- [WHAT IS NEEDED]
Strip out all images, then restate the data verbatim.

- [DATASET EXTRACT]
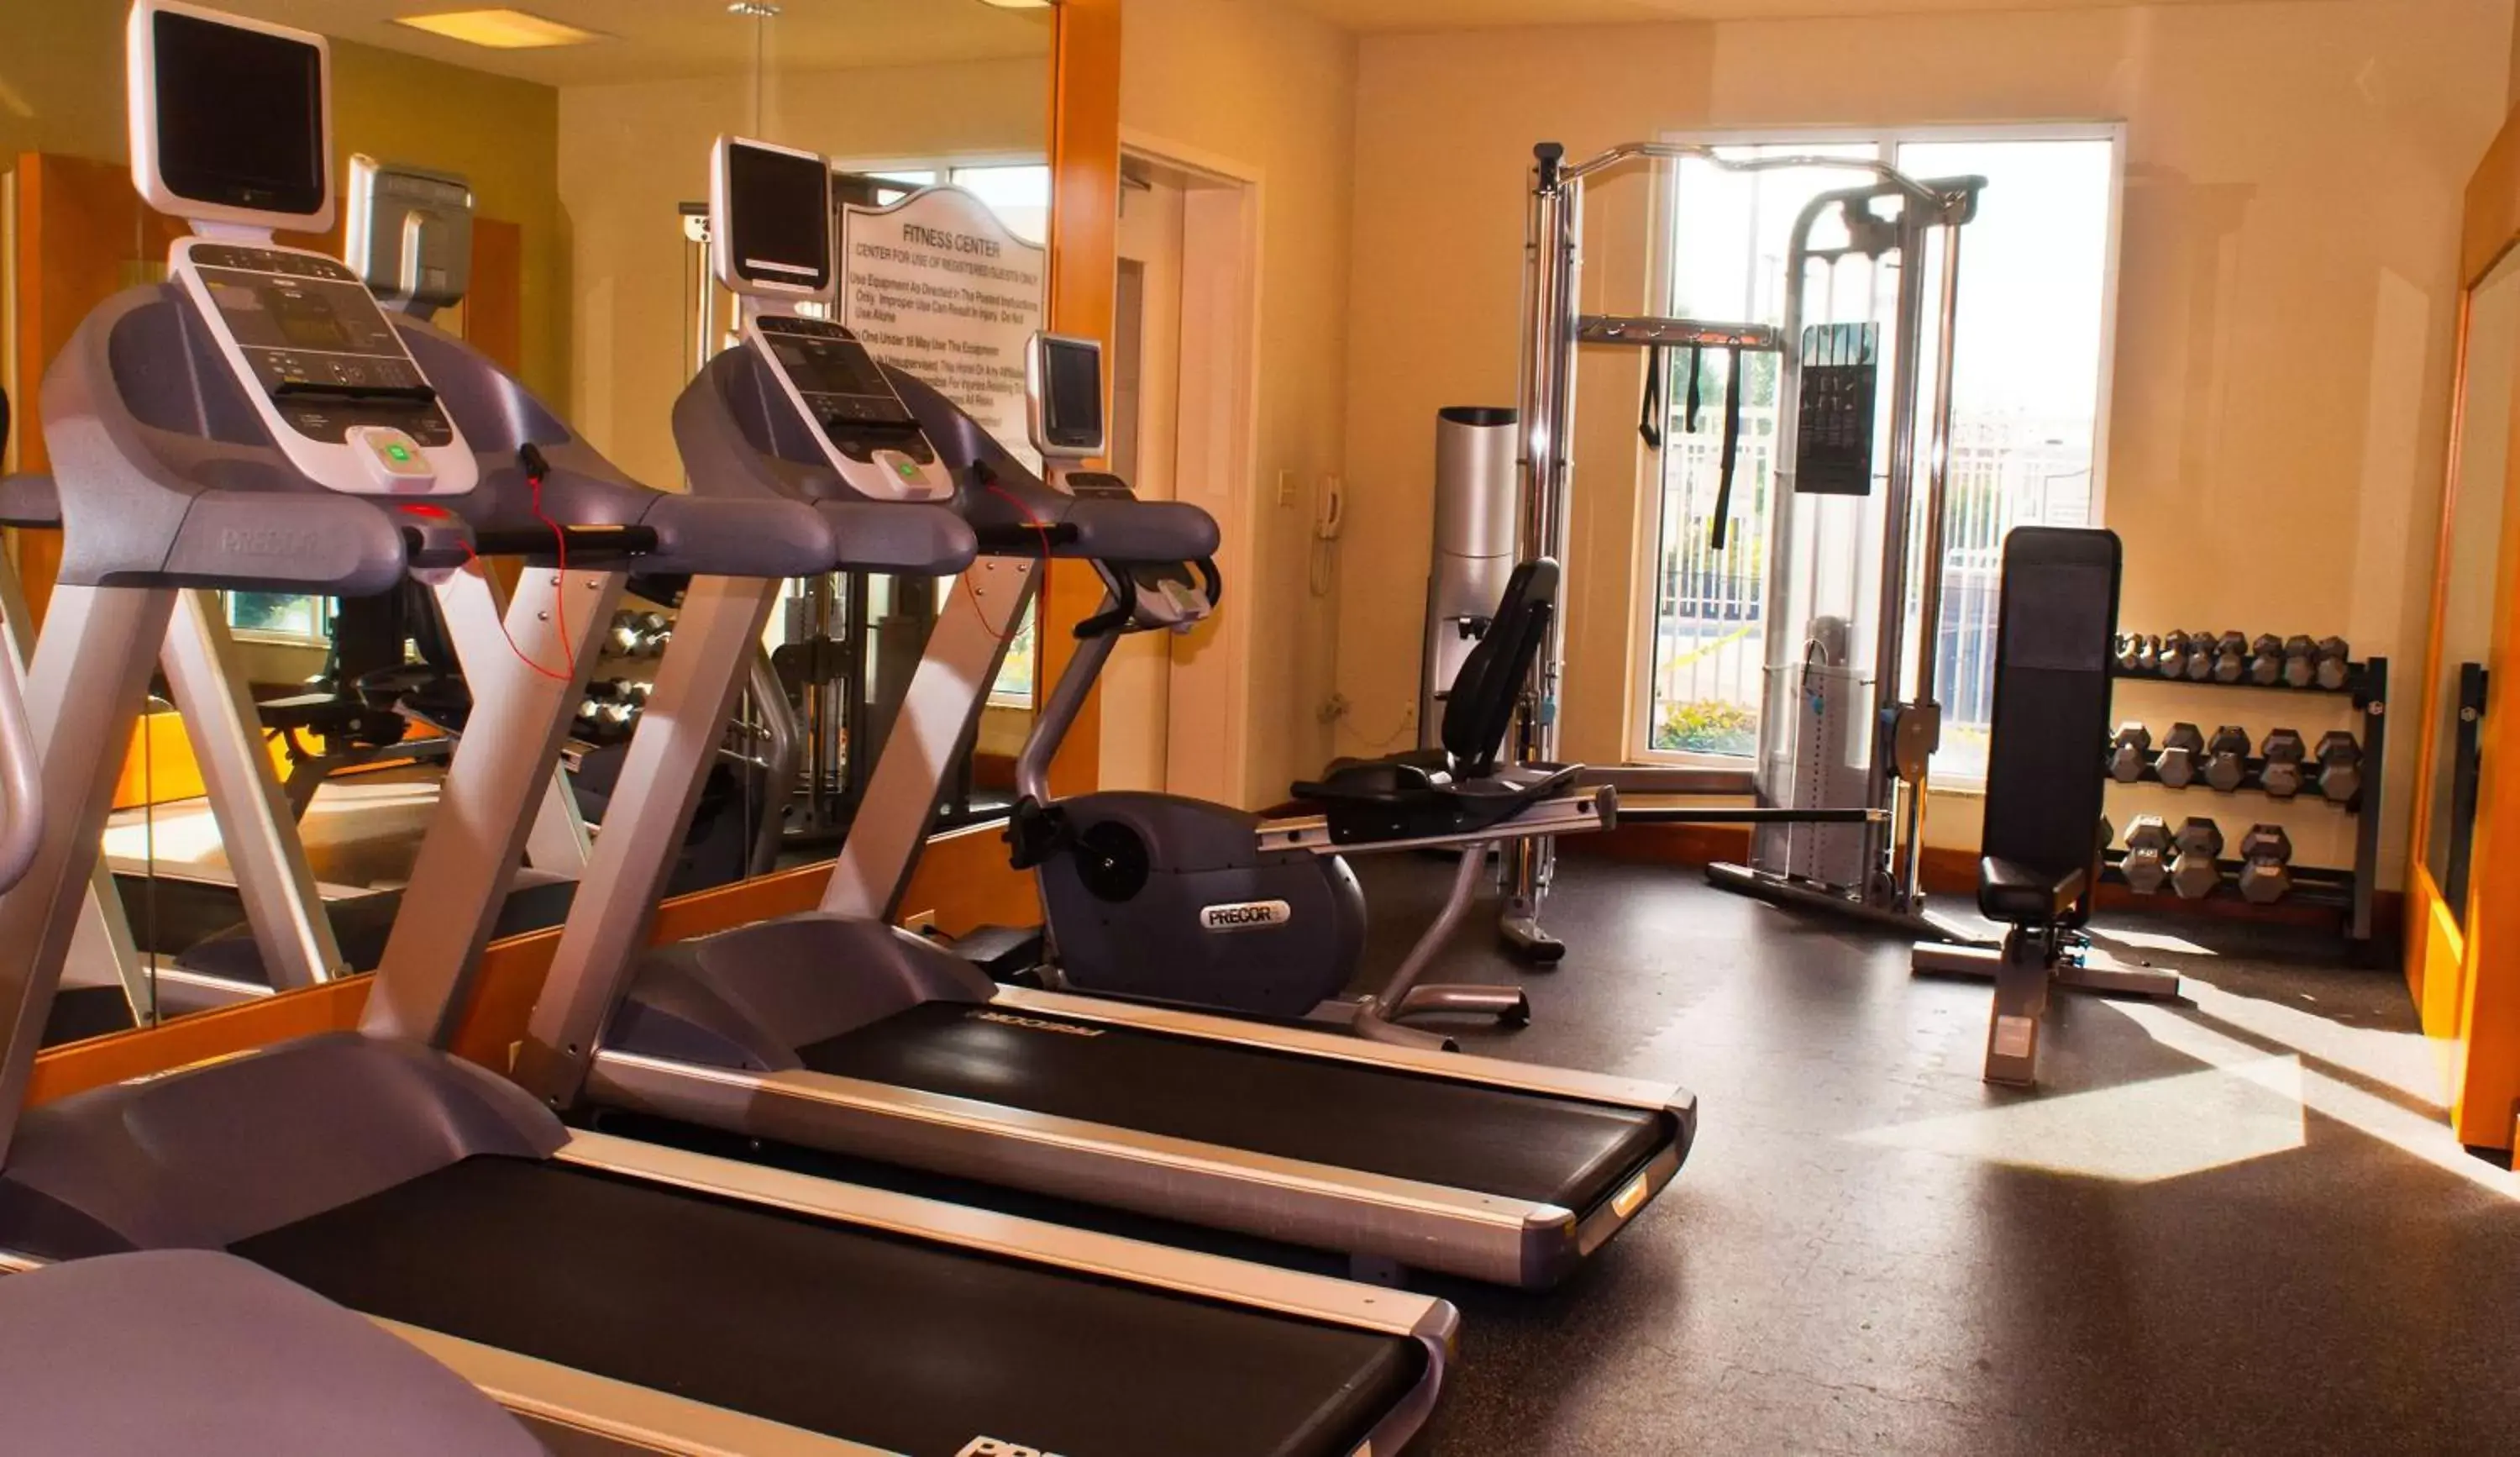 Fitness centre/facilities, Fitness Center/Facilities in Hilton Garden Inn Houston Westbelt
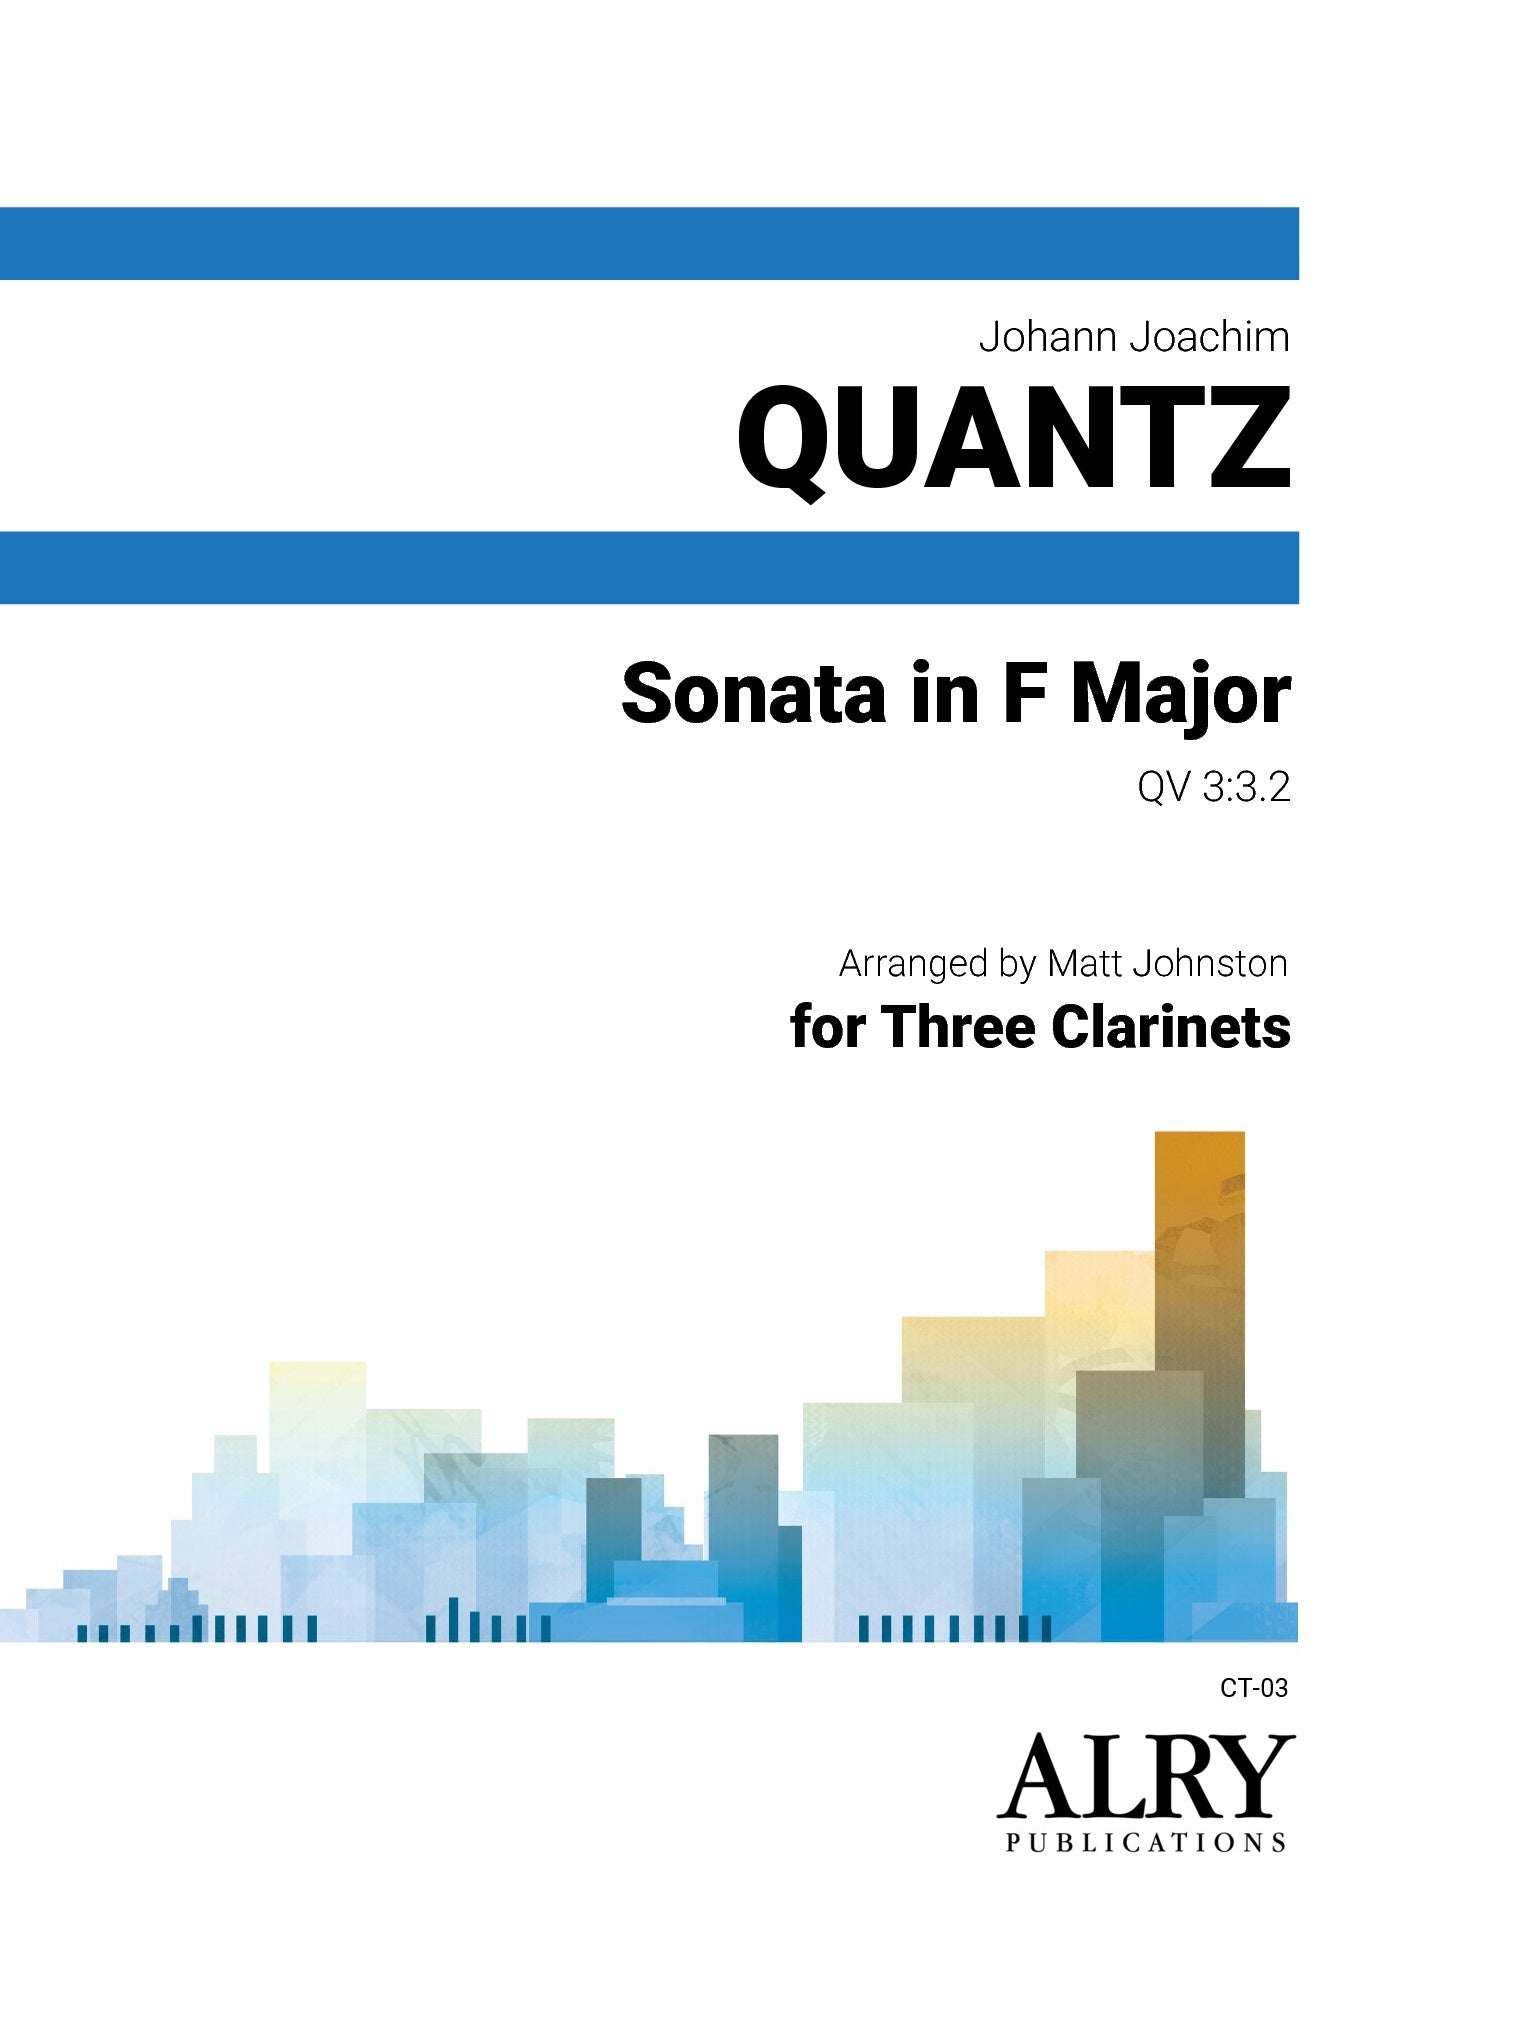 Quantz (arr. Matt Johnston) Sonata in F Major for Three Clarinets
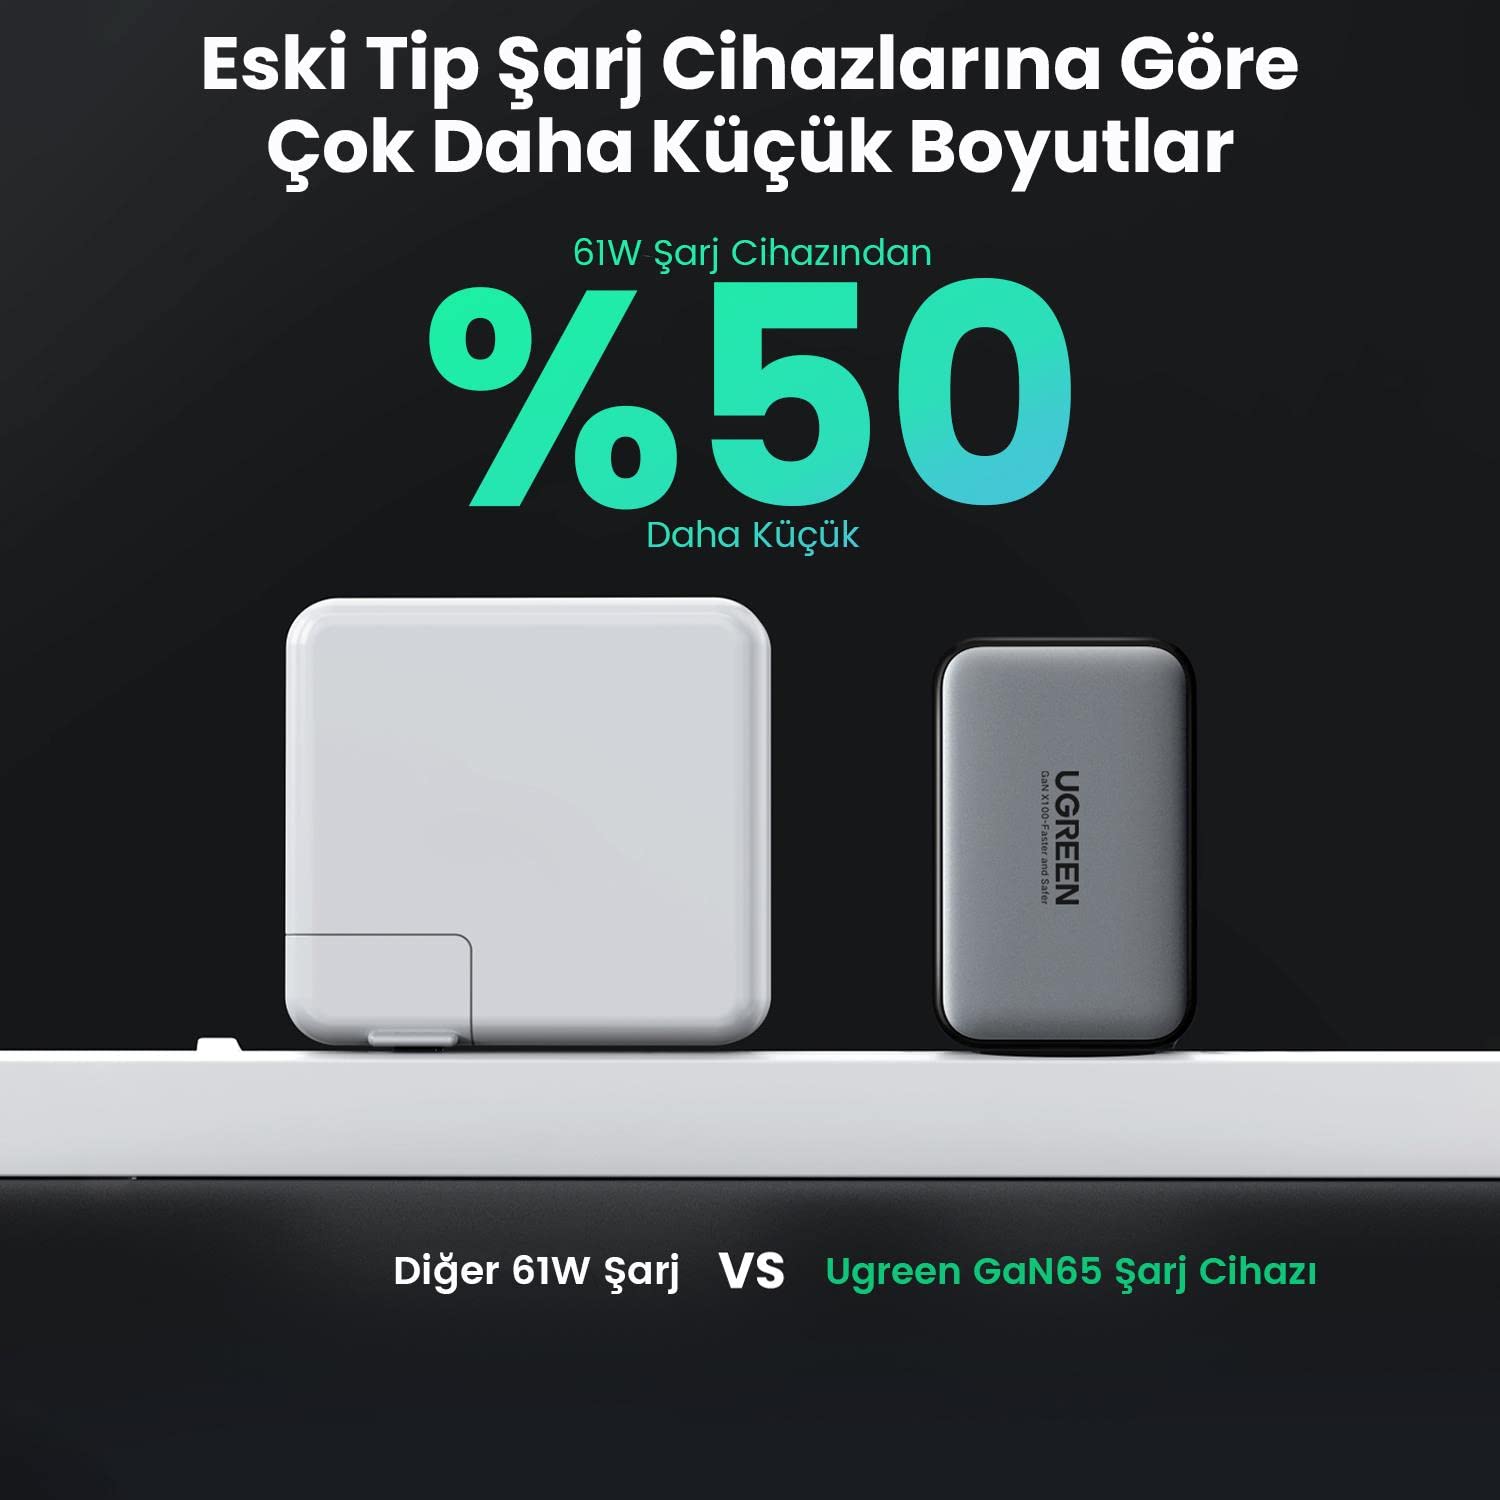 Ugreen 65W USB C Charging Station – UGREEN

- [RESPONSE FOR THIS EXERCISE]
 Fitness centre/facilities, Fitness Center/Facilities in Hilton Garden Inn Houston Westbelt
 Quantz (arr. Matt Johnston) Sonata in F Major for Three Clarinets
 Ugreen 65W USB C Charging Station – UGREEN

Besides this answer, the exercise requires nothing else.